„Der will doch nur spielen…ist 17 und liebt Zartbitterschokolade mehr als dich! Größter Narzisst und dies und jenem nicht abgeneigt

Mit diesen Worten stellt Twitterer P. sich selbst vor. Er belebt das Medium mit den typischen Sprüchen eines Teenagers und wohnt derzeit in 107 Timelines anderer Twitterer. So auch in meiner. Und wie viele Teenager (und auch Erwachsene) tut er das, für das Twitter gedacht ist. Er haut seine Gedanken, Gefühle und Ideen ins Netz. Unkrontolliert, unreflektiert, unbedacht. Immer „Frei Schanuze“. Wenn das mal kein Fehler ist…

Wäre P. Amerikaner und würde in englisch twittern, stände vermutlich in allerkürzester Zeit die Polizei vor seiner Tür…

So nämlich erging es, wie gerade durch die Medien geistert, dem 18jährigen Texaner Justin Carter im Februar.

Der nämlich fand es komisch,  im Rahmen einer Diskussion mit Facebookfreunden zu posten „Erschieße Schule voller Kinder“.
Dass amerikanische Behörden bei angedrohten Amokläufen an Schulen extrem sensibel reagieren, ist nachvollziehbar. Die Angst vor Amokläufen, die terroristischen Anschlägen gleichgesetzt sind, sitzt tief in der Seele der USA.
Als der Teenager auf die Frage, ob er verrückt sei, postete:  „Ja, ich bin wirklich verwirrt in meinen Kopf, ich werde eine Schule voller Kinder zusammenschießen und danach ihre noch schlagenden Herzen essen“  setzte er ein ironisierendes LOL (laughing out loud) hinzu. Und ein JK (just kidding).  Doch selbst gekennzeichnete Ironie wird oft als solche nicht verstanden oder goutiert.  So … fand eine Frau aus Kanada das Posting nicht gerade witzig. Sie suchte die Adresse des Teenagers heraus und entdeckte dabei, dass sich in seiner unmittelbaren Nachbarschaft eine Schule befindet. Ohne zu zögern informierte sie die zuständigen Behörden.
So ist die Meldung  zu lesen auf OE24.at und zahlreichen anderen News-Plattformen.
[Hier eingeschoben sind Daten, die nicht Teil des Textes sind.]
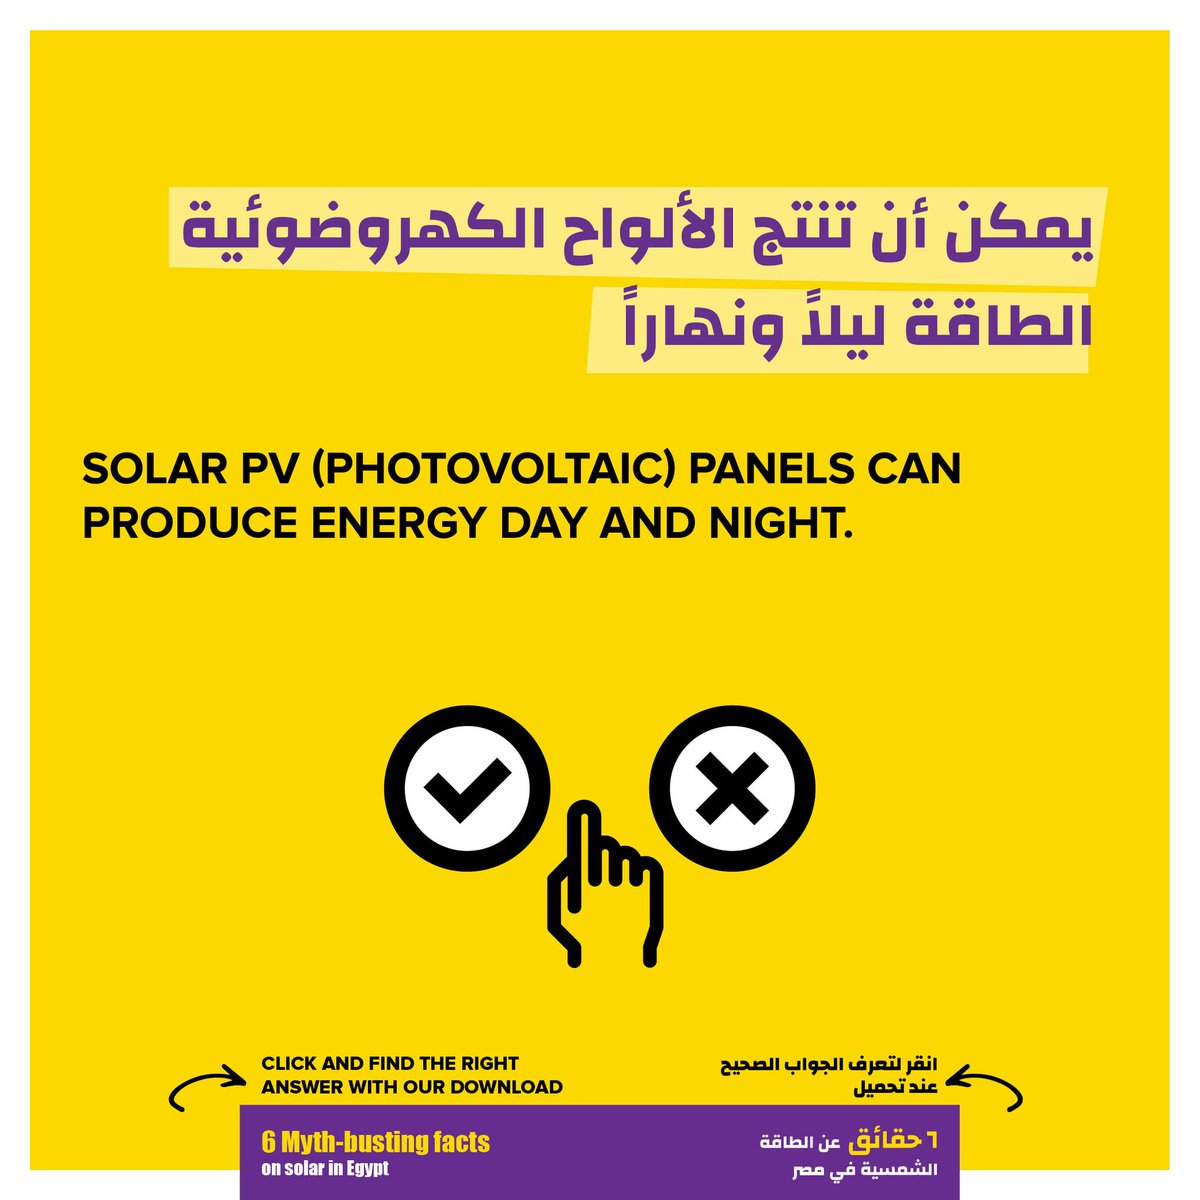 هل بإمكان الألواح الخاصة بالطاقة الشمسية إنتاج الطاقة ليلاً ونهاراً؟ هل اضغط/ي على الرابط لمعرفة الجواب الصحيح bit.ly/3xFdXNs

Die Polizei verstand ebenfalls keinen Spaß und sperrte Justin Carter ein…  Am heutigen 1. Juli beginnt der offizielle Prozess.
Justin Carters Eltern haben mittlerweile eine Online-Petition gestartet und mittlerweile über 25.000 Zeichner mobilisiert. Sie fordern nicht nur die Freilassung ihres Sohnes sondern auch ein Umdenken: Release Justin Carter from jail.  Too many teenagers are being arrested, jailed and having their lives forever altered because of anti-terrorism laws and investigations that impede their 1st Amendment right to freedom of speech. lautet ihr Appell. Im Wortlaut heißt es in der Resolution:

Justin Carter. Bild auf der Online-Petition

To:
Barack Obama, President of the United States
Jennifer Tharp, District Attorney of Comal County
Greg Abbott, State Attorney General
Please release Justin Carter, change the laws on what constitutes a terroristic threat and create a criteria for investigating these crimes. Justin Carter, 18, of New Braunfels, TX., is imprisoned because of a comment that he posted on Facebook. This teenager was arrested without any investigation of his alleged crime. The First Amendment to the Constitution states: Congress shall make no law respecting an establishment of religion, or prohibiting the free exercise thereof; or abridging the freedom of speech, or of the press; or the right of the people peaceably to assemble, and to petition the Government for a redress of grievances.
Justin Carter was arrested on February 14, 2013 for a statement that he made on Facebook. He was not questioned by the police until March 13th, 2013. His home was not searched until a week after his questioning. The only item seized from his home was his personal computer. No weapons of any kind were seized. If he had posed a real terroristic threat, shouldn’t the police have questioned and searched his home sooner than a month after an arrest?
The 1969 Supreme Court case, Brandenburg v. Ohio, sets precedent for law enforcement to infringe freedom of speech when the speech shows potential for the law to be broken. The speech must provoke the law, and be both “imminent and likely.” Why is this boy still in jail when no case has been made for an imminent or likely threat? It would appear that he is in jail for doing no more than exercising his right to freedom of speech. Please do your own investigation. Please consider releasing Justin Carter, changing the law of what constitutes a terroristic threat, and changing what the criteria for investigating these crimes should be.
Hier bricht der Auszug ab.